It is very clear that there is no safe level of lead exposure, according to the U.S. Centers for Disease Control and Prevention and many medical and public health leaders. Taking in even low levels of lead from paint and drinking water causes several types of health issues, including intellectual deficits, particularly in children, as well as neurological and reproductive problems and increased risk of cardiovascular death.
With plastic pipes, the matter of potential drinking water contamination is less clear-cut. In the NRDC-led group’s lead-line-replacement principles, the copper-not-plastic item points to recent research suggesting that plastic pipes can potentially contaminate drinking water in three ways. The first is the release of chemicals into water from the pipe material, a process called leaching, which has been documented in severalstudies. The second route, called permeation, involves pollutants such as gasoline that can seep from groundwater or soils through the walls of plastic pipes, which has been noted in reports by the Environmental Protection Agency and the Water Research Foundation (formerly the Awwa Research Foundation). And finally, plastic pipes exposed to the high heat of wildfires are at risk for melting and other thermal damage. Plastic pipes damaged in wildfires could release toxic chemicals into drinking water, the NRDC document suggests, citing an October EPA fact sheet. The high heat of fires can degrade plastic pipes, valves and meters in drinking water distribution systems, potentially releasing volatile organic compounds (VOCs) into drinking water, the EPA document states. A study arrived at more explicit findings by revealing in lab tests that plastic pipes exposed to wildfire temperatures can release benzene, a carcinogen, and other VOCs into water.
Pipe material-related factors beyond those in the principles document can also contaminate drinking water. A July laboratory study by civil and environmental engineer Marc Edwards of Virginia Tech and his colleagues revealed that the growth of Legionella pneumophila, the water-borne bacterium that causes Legionnaires’ disease, varied with the pH of water, whether that water was in contact with cross-linked polyethylene (PEX) or copper pipes, and the presence of phosphate, which is used to control corrosion.
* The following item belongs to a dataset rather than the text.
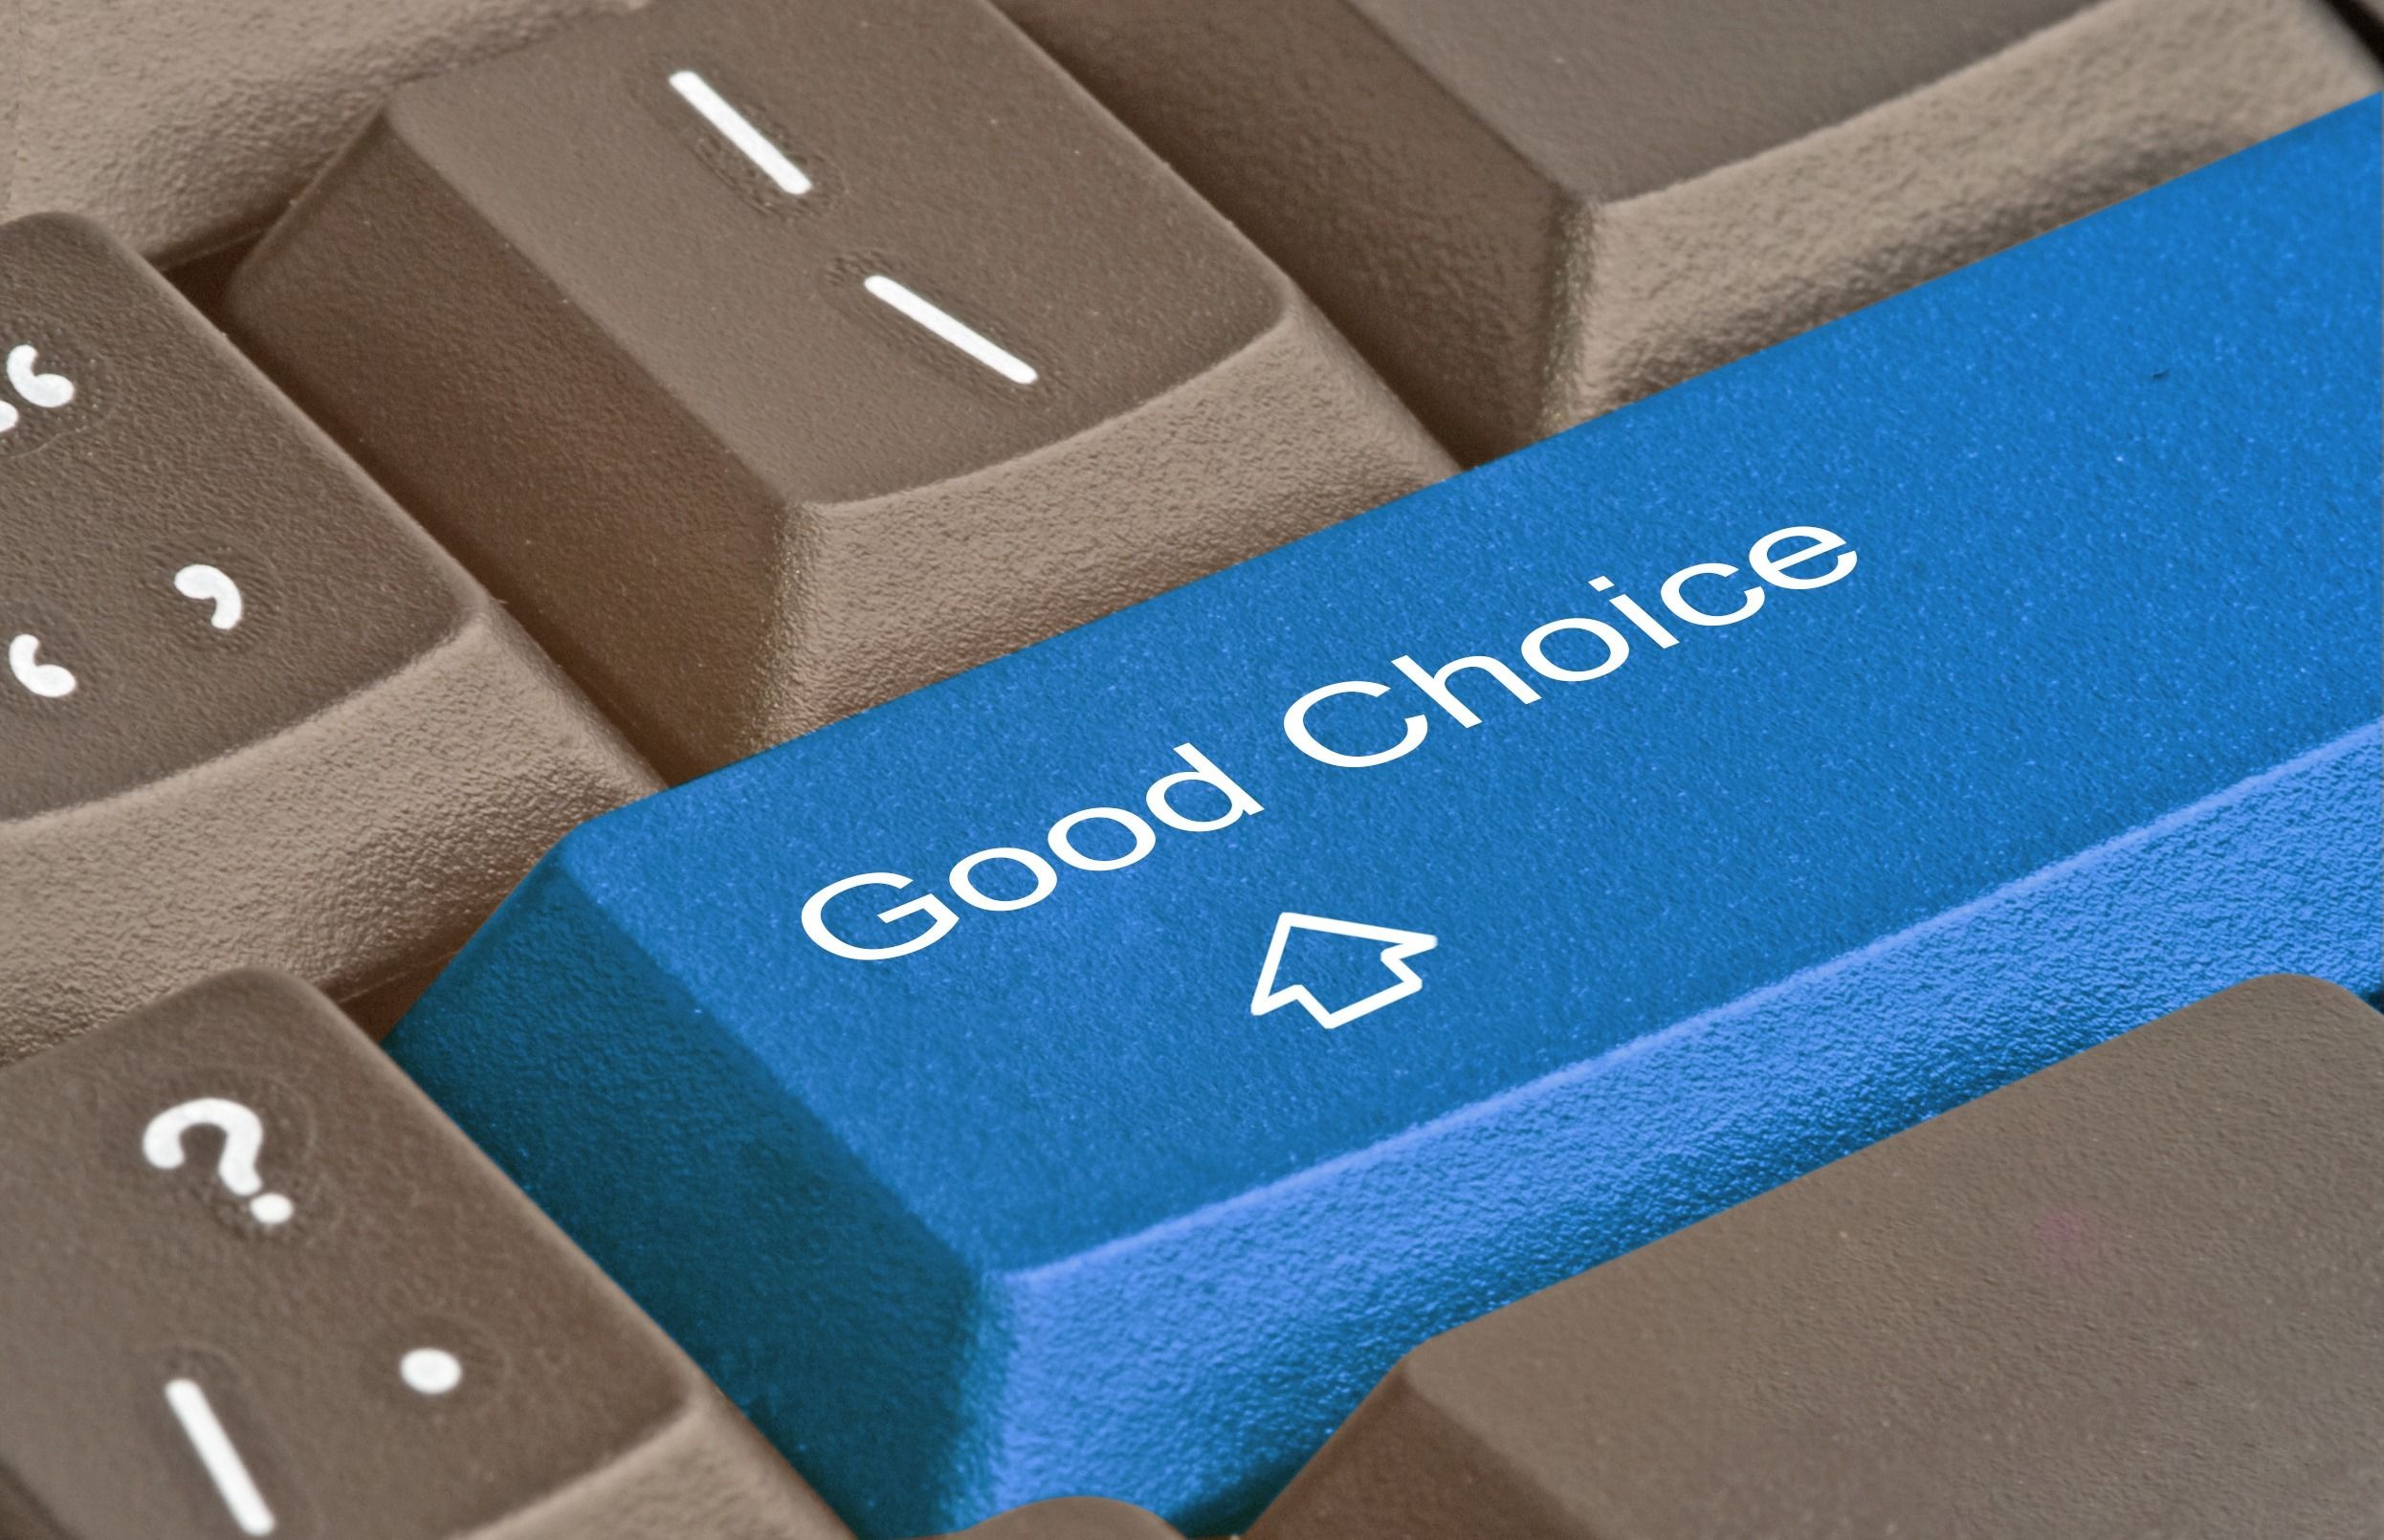 Making a choice a good choice isn't just luck.

Some organizations associated with the plastic pipes industry are skeptical or dismissive of findings that link these pipes with potential drinking water quality and health concerns. Bruce Hollands, executive director of the Uni-Bell PVC Pipe Association, points to a environmental product declaration (EPD) that followed an assessment of seven PVC water and sewer pipe products by the International Organization of Standardization (ISO), a voluntary, nongovernmental standards organization. The declaration states, “PVC pipe and fittings are resistant to chemicals generally found in water and sewer systems, preventing any leaching or releases to ground and surface water during the use of the piping system. No known chemicals are released internally into the water system. No known toxicity effects occur in the use of the product.” An update due out in a few months will contain the same statement, Hollands says.
A similar position is held by a nonprofit organization called NSF (originally founded as the National Sanitation Foundation), which is one of several organizations to offer testing that can lead to certification of manufacturers’ drinking water pipes and other system components under a standard called NSF/ANSI/CAN 61 Drinking Water System Components–Health Effects, or Standard 61. “We are not aware of credible evidence that would discourage the use of plastic pipe or other products that are certified to NSF/ANSI/CAN 61 in drinking water systems,” NSF said in a statement to Scientific American.
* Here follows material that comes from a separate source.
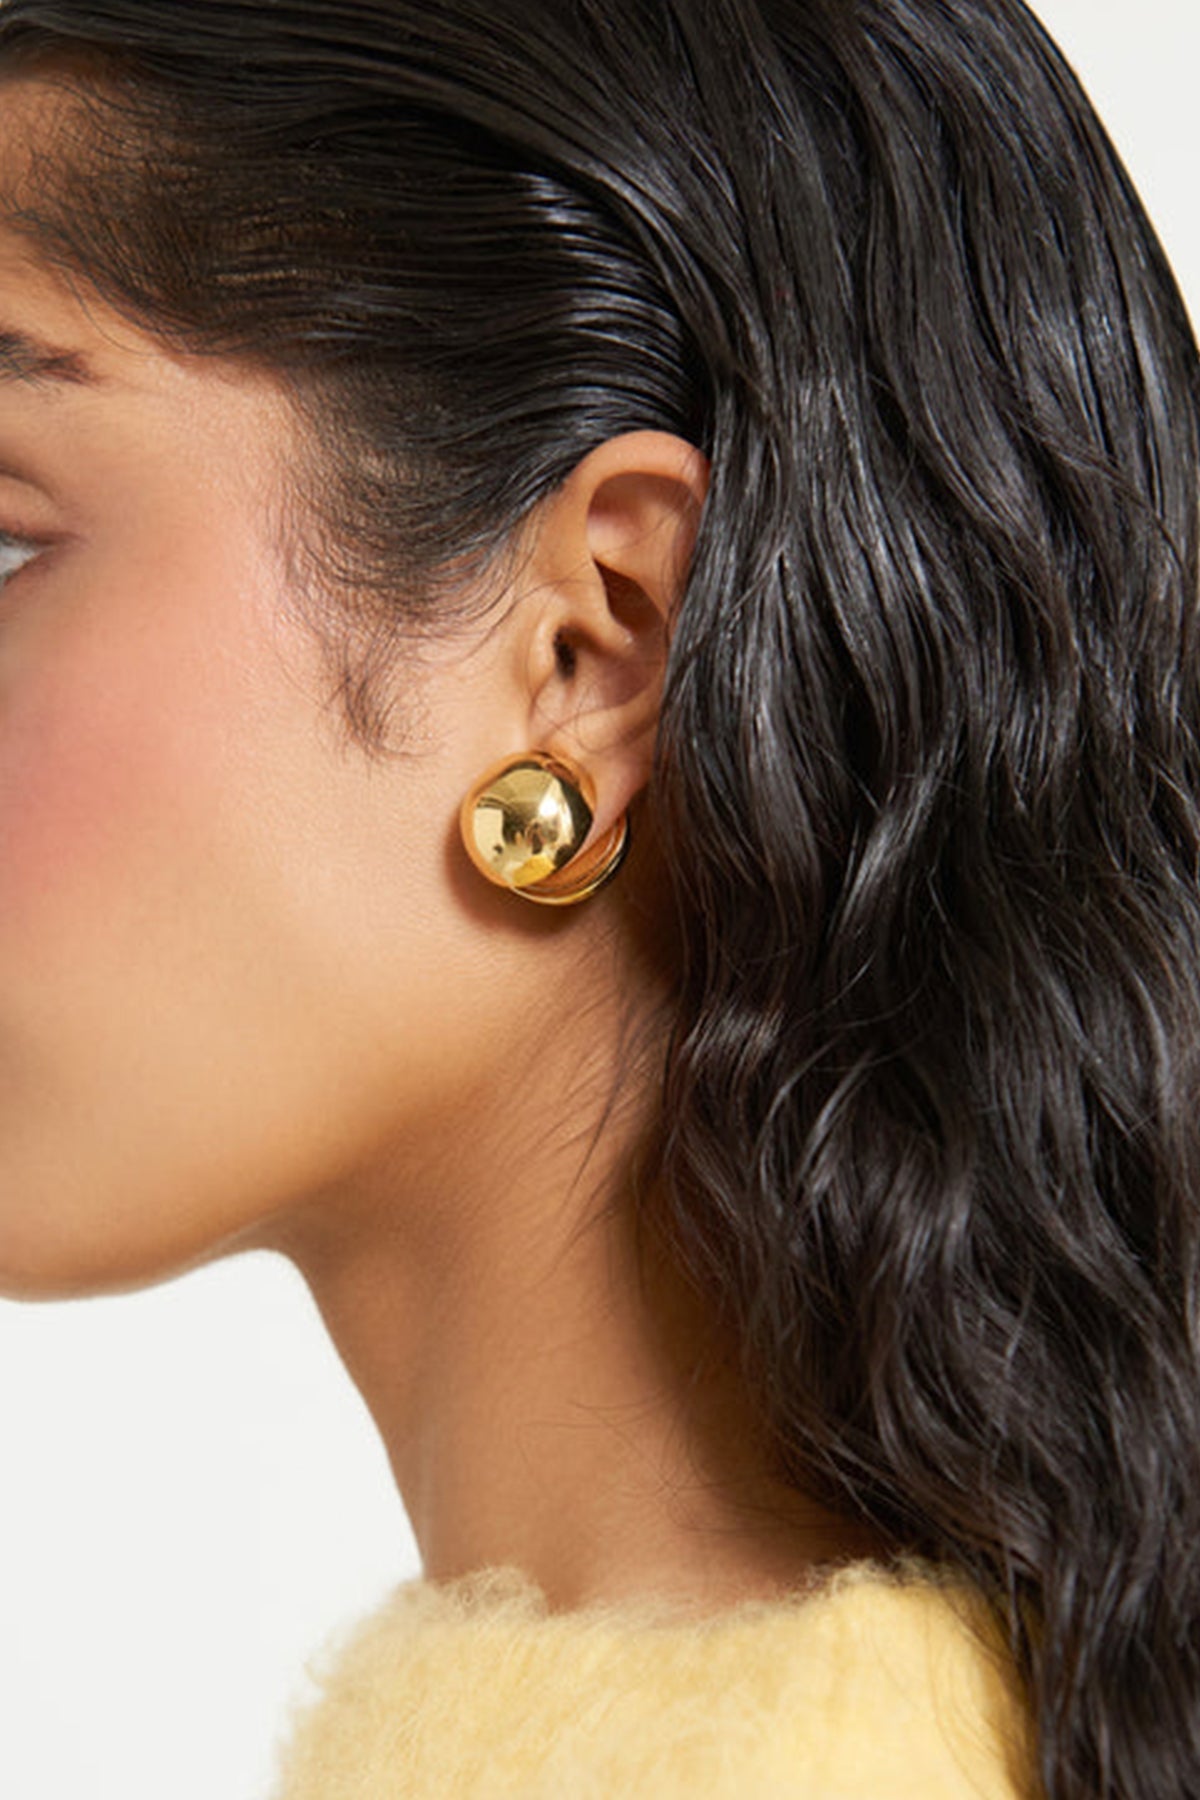 Urbi Earring in Gold - shop-olivia.com

Standard 61 is determined by a committee of manufacturers, toxicologists, water utilities and federal and state regulatory officials, said NSF (which is unrelated to the U.S. National Science Foundation). The standard is recognized by the nonprofit American National Standards Institute (ANSI) and the Standards Council of Canada (a federal “Crown corporation”). The EPA says it “has supported the development of independent third-party testing standards for plumbing materials” under Standard 61, the agency says. The EPA’s only safety requirement for pipes and other plumbing materials is that they are free of lead. Nearly all U.S. states require utilities to use pipes and other water distribution system products that are certified to Standard 61.
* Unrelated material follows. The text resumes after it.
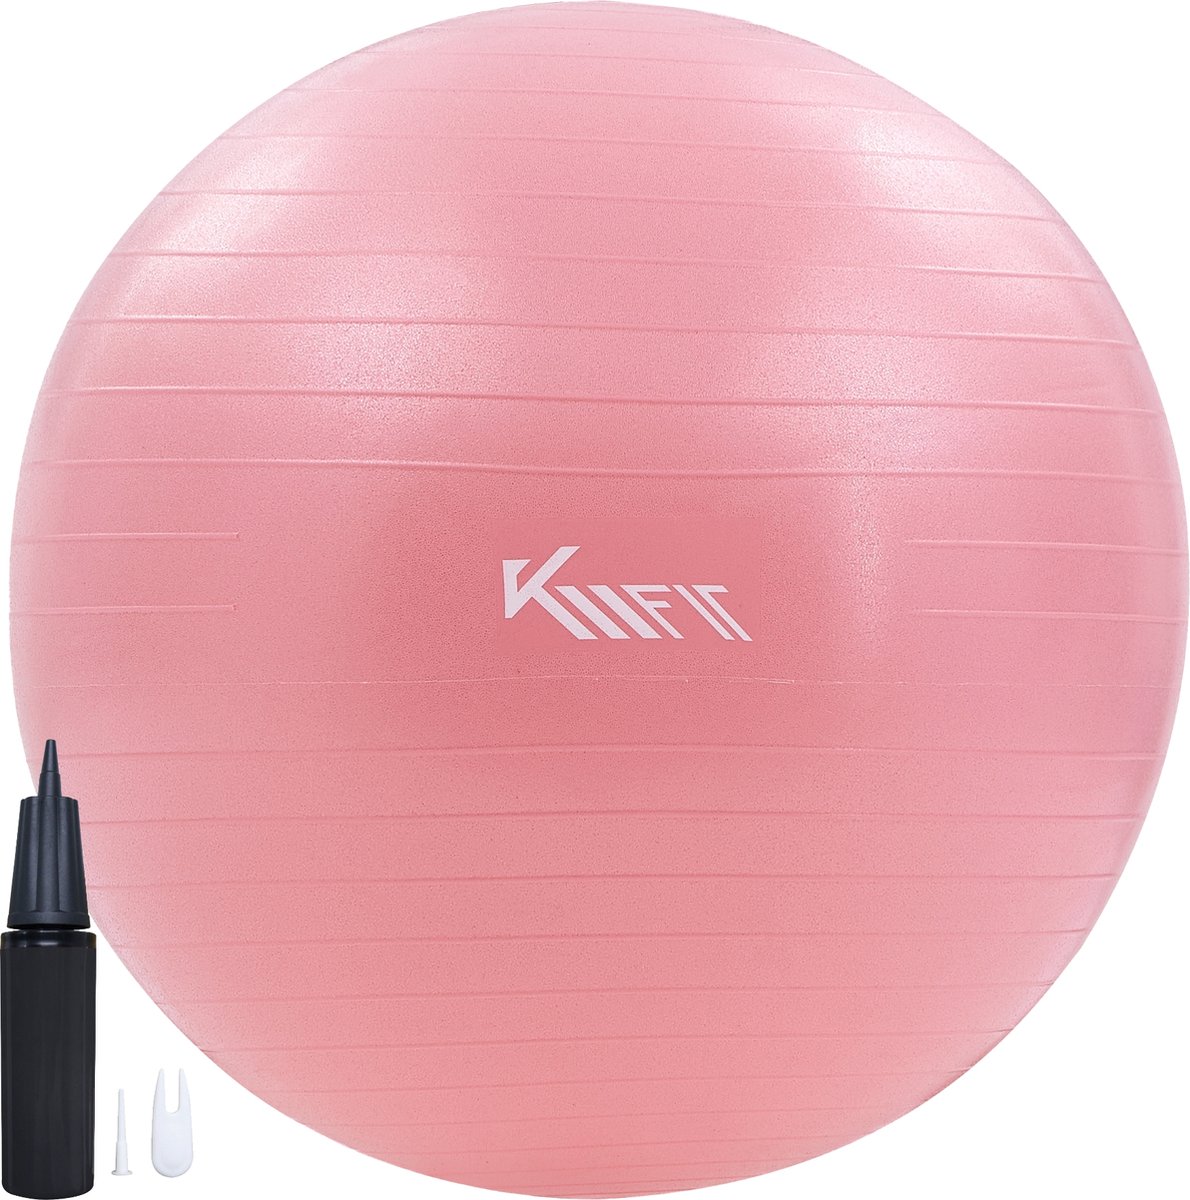 KM-Fit Yoga Bal - 65 cm - Fitness Bal inclusief pomp - Pilates bal - BPA-vrij materiaal - Zwangerschapsbal - Roze

Consumers with questions about the safety of pipes that are in contact with drinking water should focus on individual products that are certified to appropriate standards rather than the materials that pipes are made of, NSF wrote in its statement to Scientific American. Some material-related trends have emerged in examinations of specific contamination routes, however.
Permeation of metal pipes is “extremely rare,” says Edwards, who in pinned down the cause of high lead levels amid Flint, Mich.’s water crisis. In contrast, gasoline and solvents can permeate polyethylene pipes, and pure benzene and other dangerous organic compounds also permeate PVC pipe without rubber gaskets (although gasoline does not), a Water Research Foundation report states. In a document, the Plastics Pipe Institute, a trade organization, called the conclusions of the report “inconclusive and perhaps misleading.”
All pipes can leach their constituent materials to some extent, according to a National Research Council report. Corrosion control can help to manage copper that leaches from pipes made of that metal, Edwards says. Various types of plastic pipes can release compounds that are potentially toxic or carcinogenic, studies have found. Yet the EPA has set no legally enforceable federal standards for many of these contaminants if they turn up in drinking water (under the Safe Drinking Water Act, state standards for contaminants must be at least as stringent as federal ones). The current questions that need to be answered are which pipe-related contaminants get into drinking water, the extent to which they might affect water quality and human health, and whether any industry-independent researchers or government regulators are looking for specific concerning contaminants at all, especially in the case of plastic pipes.
Rather than advocating for one material over another for these service lines, many U.S. environmental engineers say the choice of material for any given underground water pipe should depend on factors such as whether a pipe will be flushed before use; how regularly the pipe will be used; whether the pipe is going in near an underground tank storing gasoline, sewage or other harmful material; and conditions such as the water pH and temperature.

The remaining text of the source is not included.